Хозяин лавки не сразу понял, что с ним случилось. Почему он дремлет в кресле, когда в конторе его давным-давно ждет клиент? Клиента он не застал. Только чек на нужную сумму и удивительной красоты бокал из горного хрусталя. Хозяин проверил двери — контора была закрыта изнутри. Было тревожно, но этот клиент не в первый раз его удивлял. Зато его чеки всегда с охотой обналичивали. Чего ещё желать?
Глава 37
Демократия — самый надежный способ гарантировать победу сильнейшему.
Влад тихо радовался. Отодвинуть огромный, казалось, вросший в пол шкаф — тяжёлая, но такая понятная работа. Навалиться, сдвинуть, ещё немного, ещё сантиметр. И с каждым сантиметром жизнь становится все лучше. В силу телосложения, от Антона толку было меньше. К тому же, в отличие от Влада, он не ждал ничего хорошего по ту сторону дверей. Теперь он знал, как вернуться, но это не значило, что Москва готова его отпустить.
По ту сторону дверей тоже шла работа. Ожидание — труд, который не каждому под силу. Но этим ребятам было по плечу очень многое — создания падших не умели скучать, зато хорошо умели выполнять приказы. Собственно, в своем нынешнем состоянии только это они и умели.
Дверь открылась легко. Будто кто-то заботился о том, что если уж шкаф внутри комнаты сдвинут, то дальше все должно идти как по маслу.
Выходить из тьмы на свет — удовольствие для мирного времени. Люстра в холле — как-то раньше Антону не приходило в голову, что это не просто нечто сияющее сверху только для красоты. Сейчас сотни лампочек не светили — жгли. Лозинский и Стрельцов — две чёрные тени — идеальные мишени. В них не могли не стрелять.

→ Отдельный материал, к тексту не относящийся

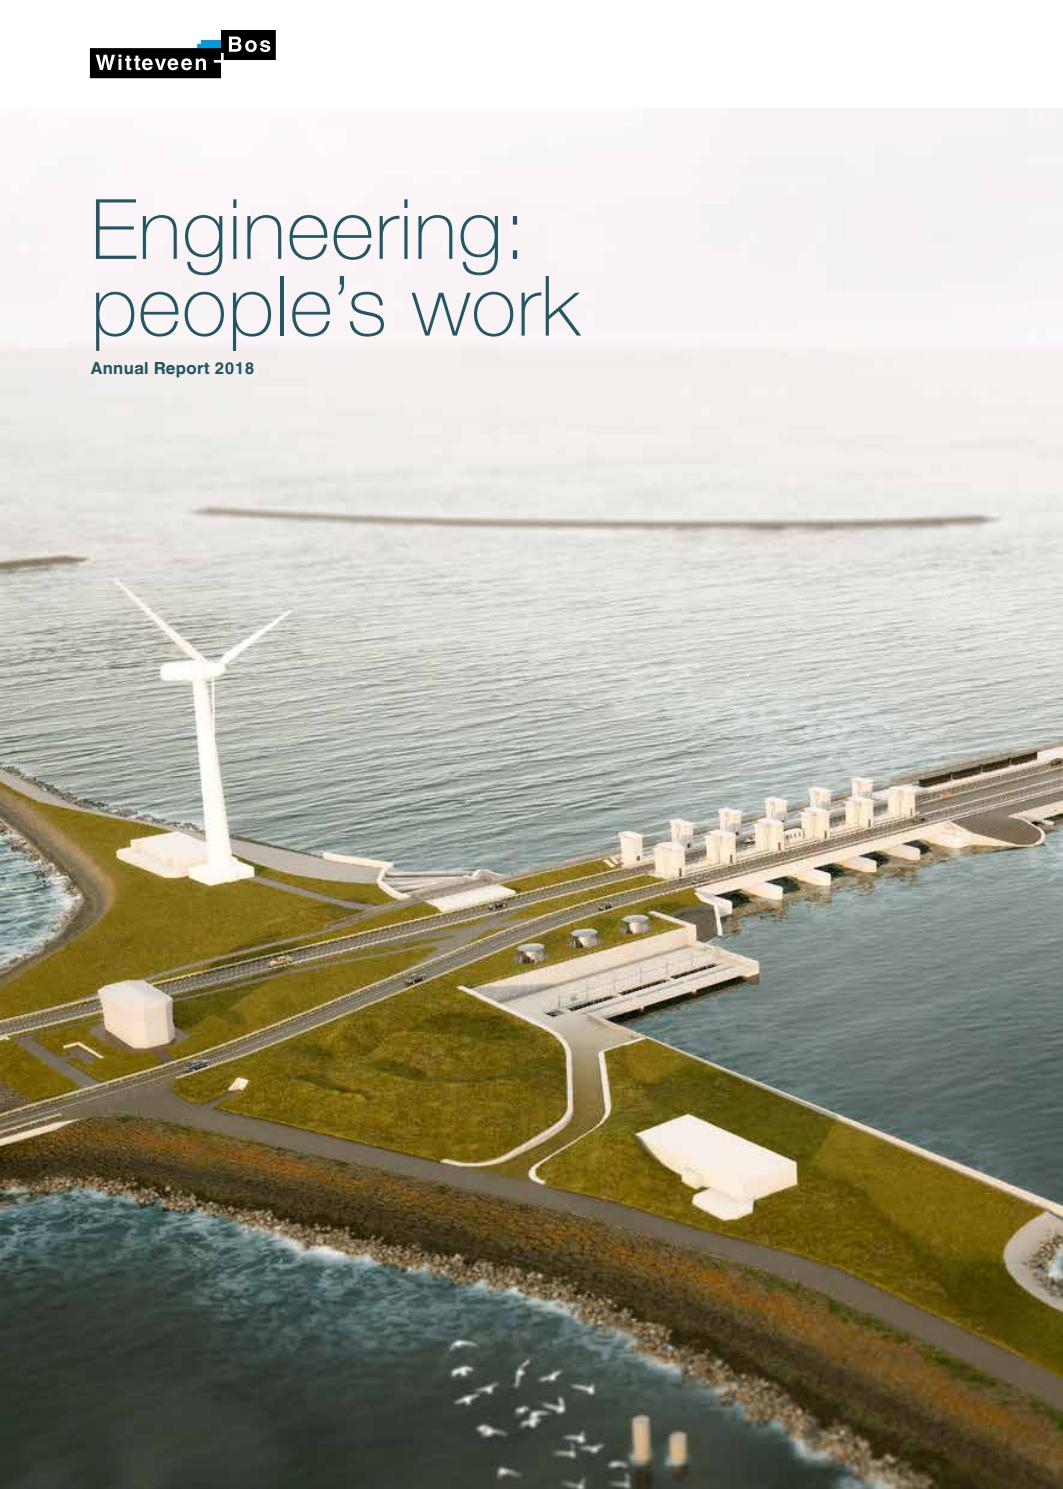 Witteveen+Bos Annual Report 2018 by Witteveen+Bos - issuu

Никакого везения. Скорость. Даже в идеальную мишень трудно попасть, если она достаточно быстро перемещается. Влад получил пулю в бедро — в мышцу, и его «московский патронташ» опустел. Антон словил в правый бок — навылет. Несмертельно. Сейчас они оказались наверху той самой лестницы, по которой никак не могли подняться. От убийц их отделял угол стены, за которой они успели укрыться, и колонна, которая, конечно, могла бы чему-то помешать, если бы её диаметр был чуть толще ствола хилой карликовой березки.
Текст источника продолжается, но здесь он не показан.